Yeah, although I'm no fan of Mac, I would reccomend one for doing anything artistic related.

And you're paying for stability and specialisation with a Mac. Sure, it's expensive looking, but it doesn't spit in your face like windows sometimes does cause it's OS isn't being the jack of all trades like windows is.


----------



## silvertwilight (Nov 4, 2007)

Mac's are really expensive and all but its worth it they have AMAZING customer service.

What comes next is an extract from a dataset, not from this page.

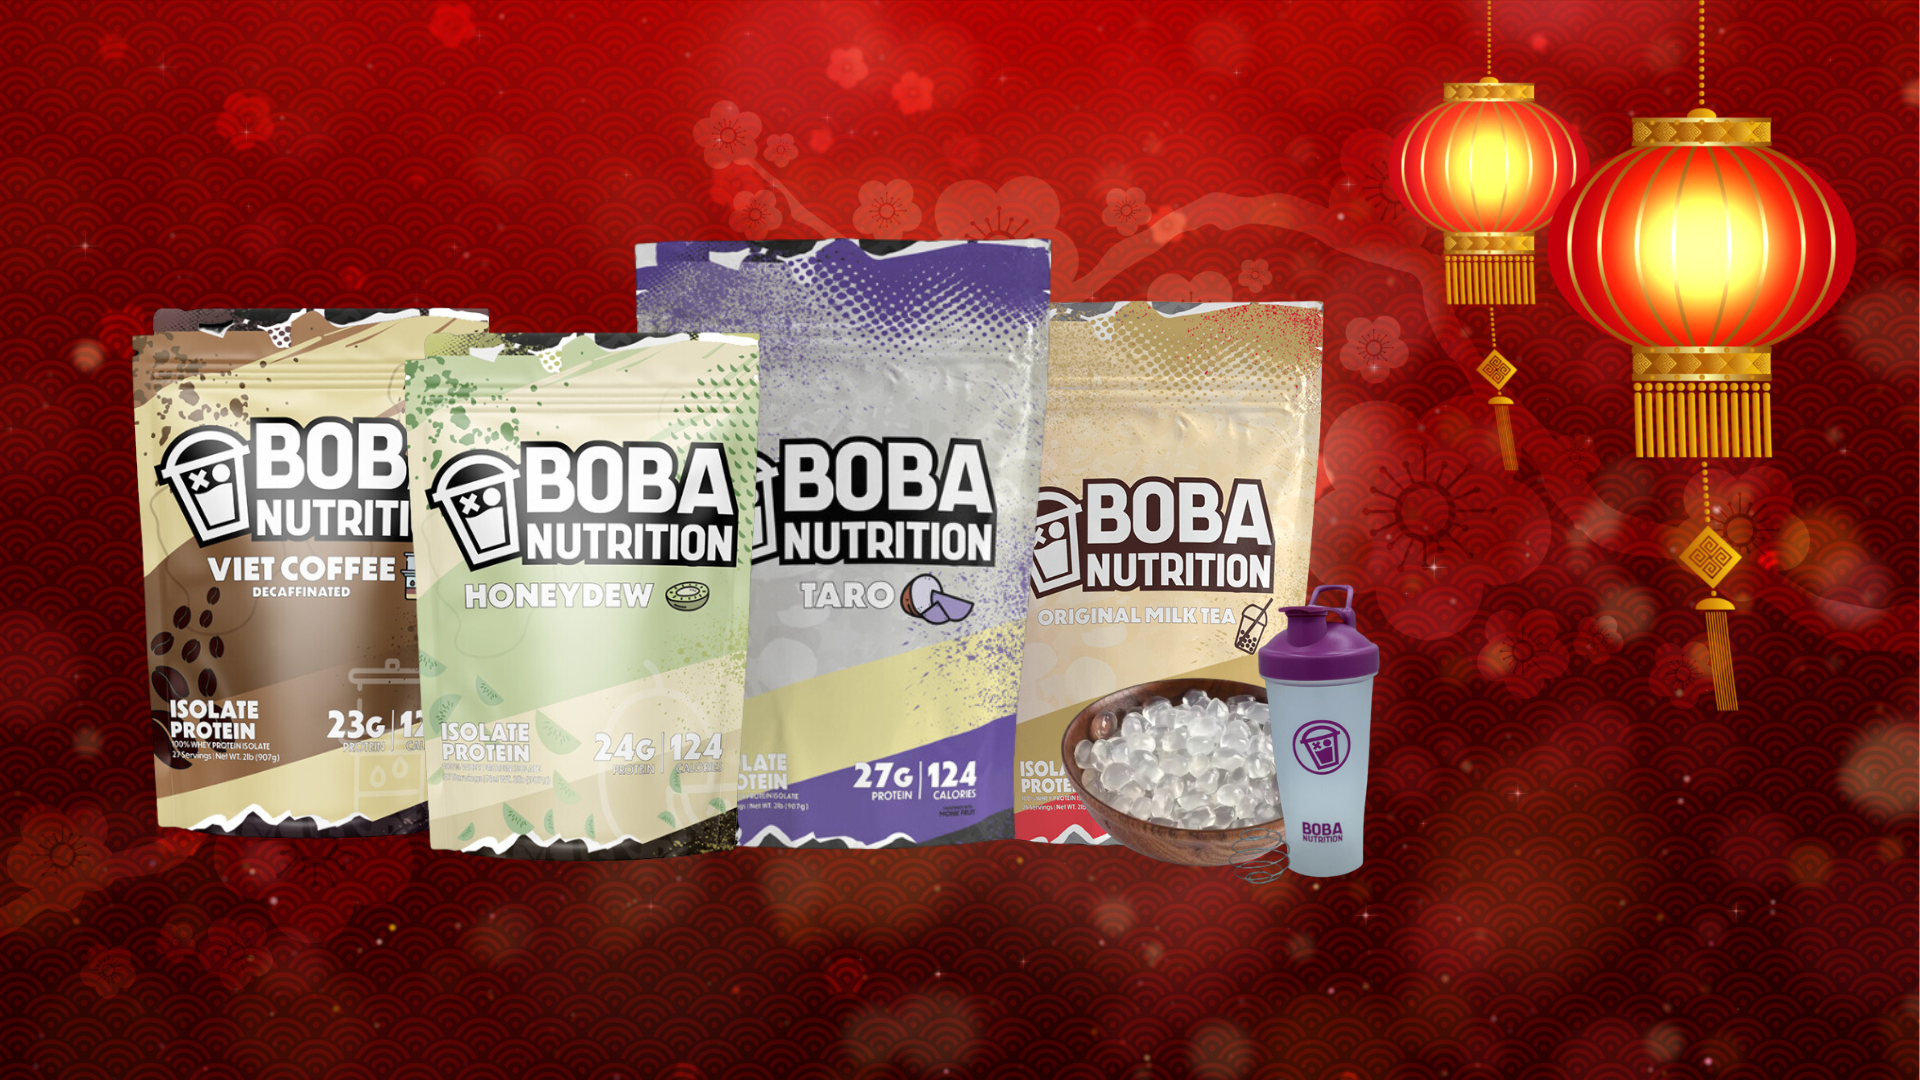 Boba Nutrition's Lunar New Year: Tradition & Nutrition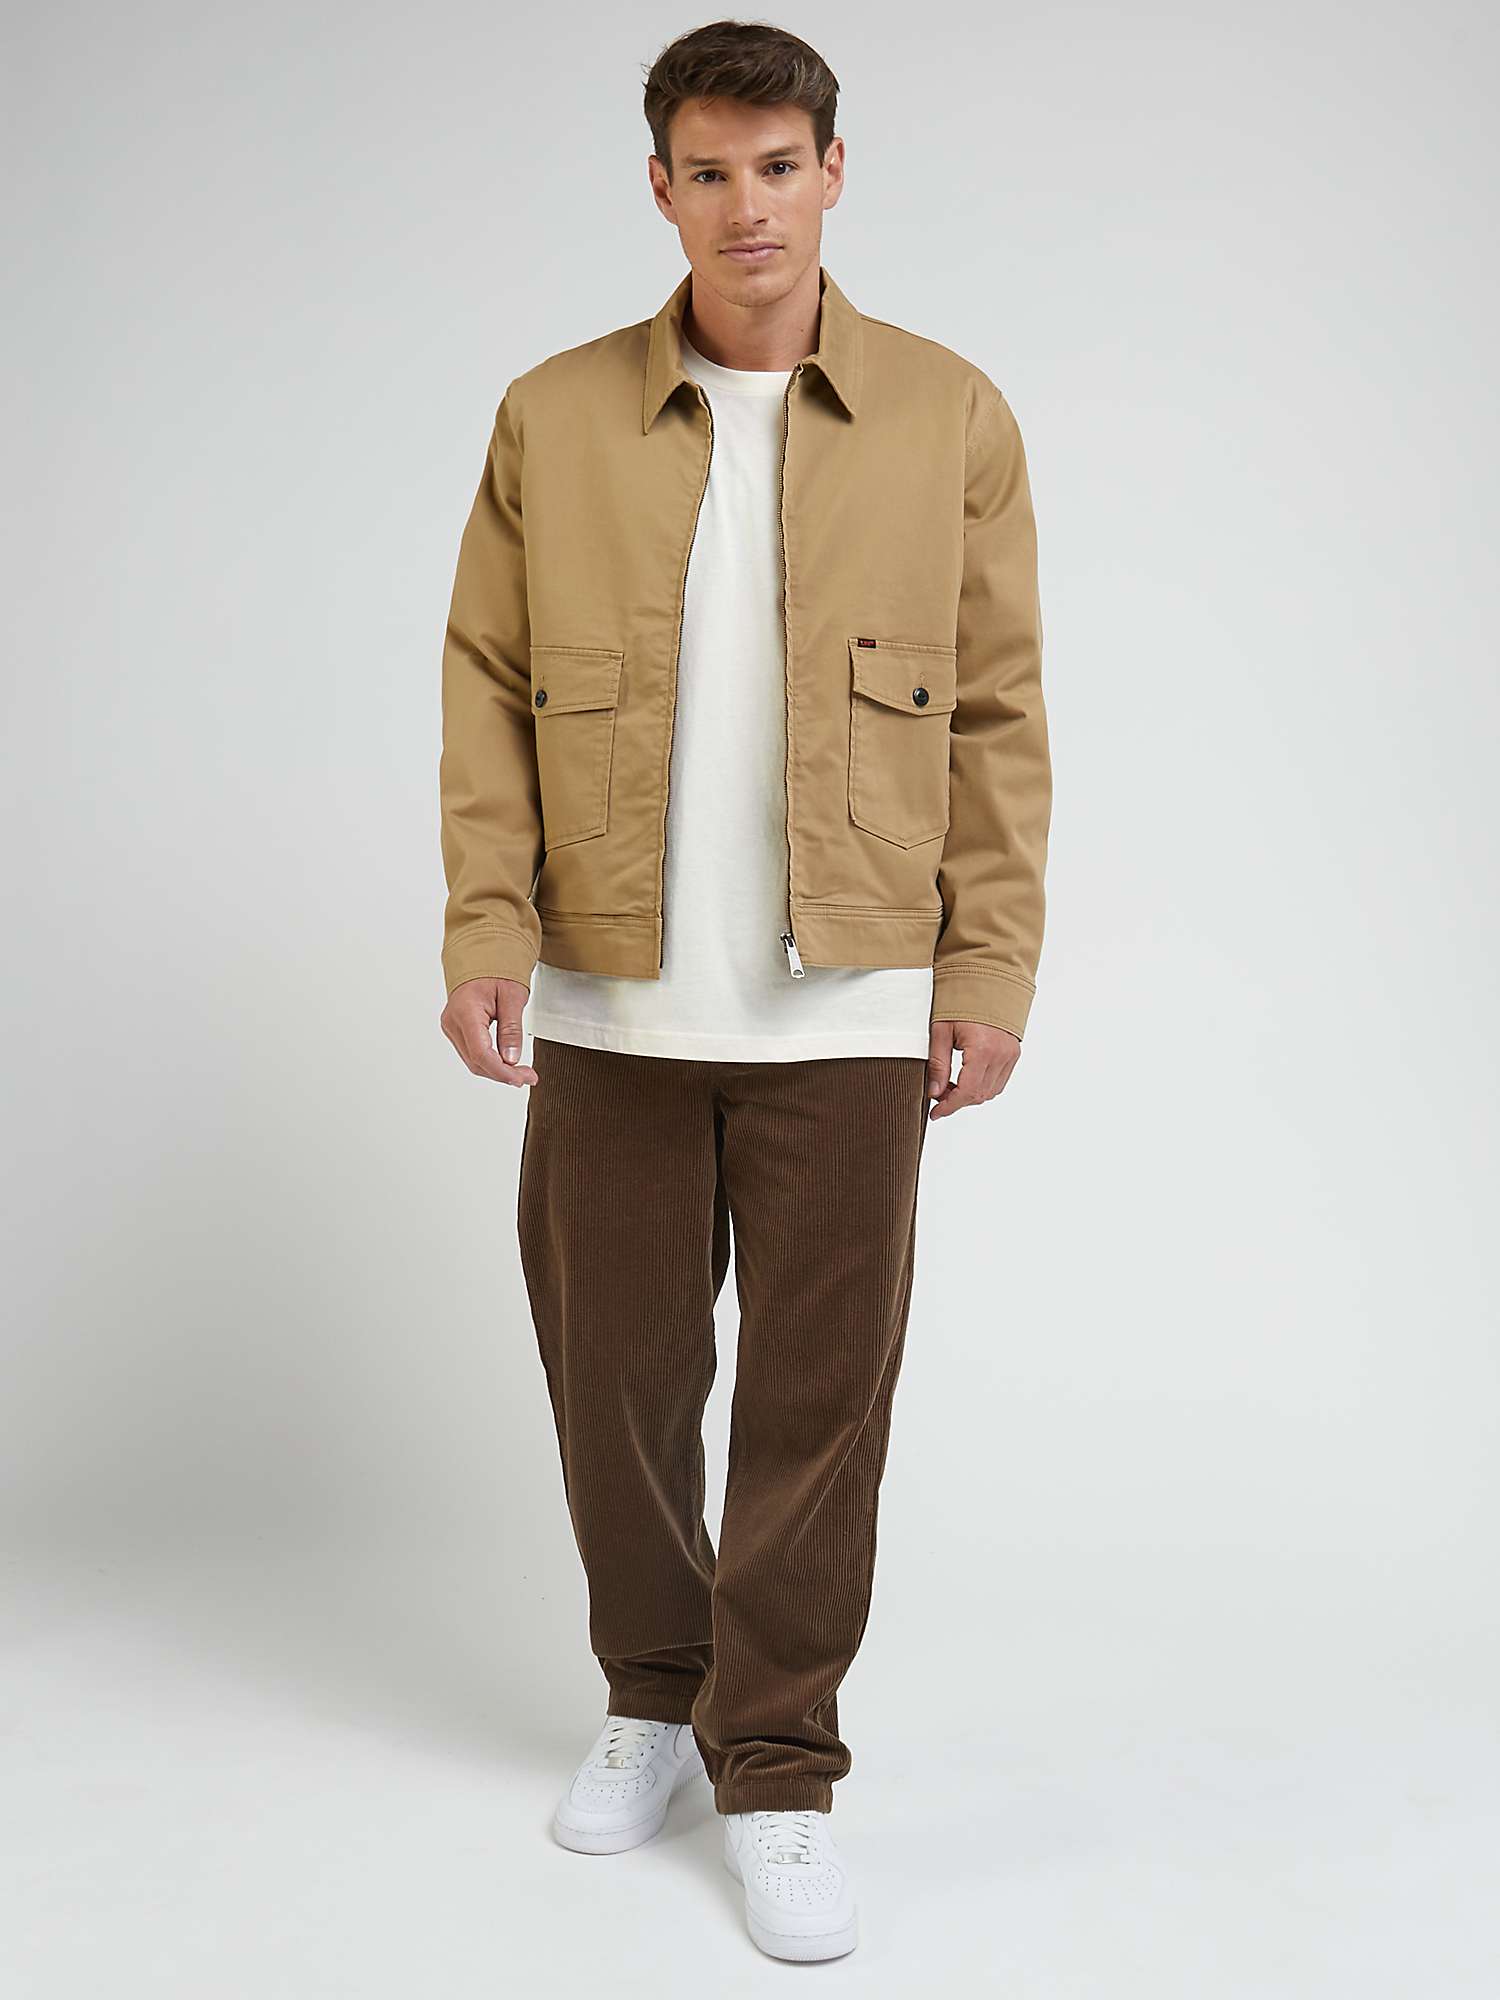 Lee Chetopa Cotton Twill Jacket, Clay at John Lewis & Partners

My friend spilled red bull all over his and got a new one with no charge, and although its not a labtop, apple gave me a free iPod when I washed mine


----------



## yak (Nov 5, 2007)

Okay, let's start with getting you mind together on what you want to do with the notebook you are looking to buy.
List the things you are going to do with it, and the most significant, primary thing you want to do.


----------



## Oni (Nov 5, 2007)

If you will be using your laptop as an educational/work tool and will not be using it for gaming, then you will most likely save hundreds of dollars when making your initial purchase. I assume Microsoft office and other useful applications have very low system requirements.

The only program I find essential is notepad at this moment lol. With it I can program and schedule everything I want.


----------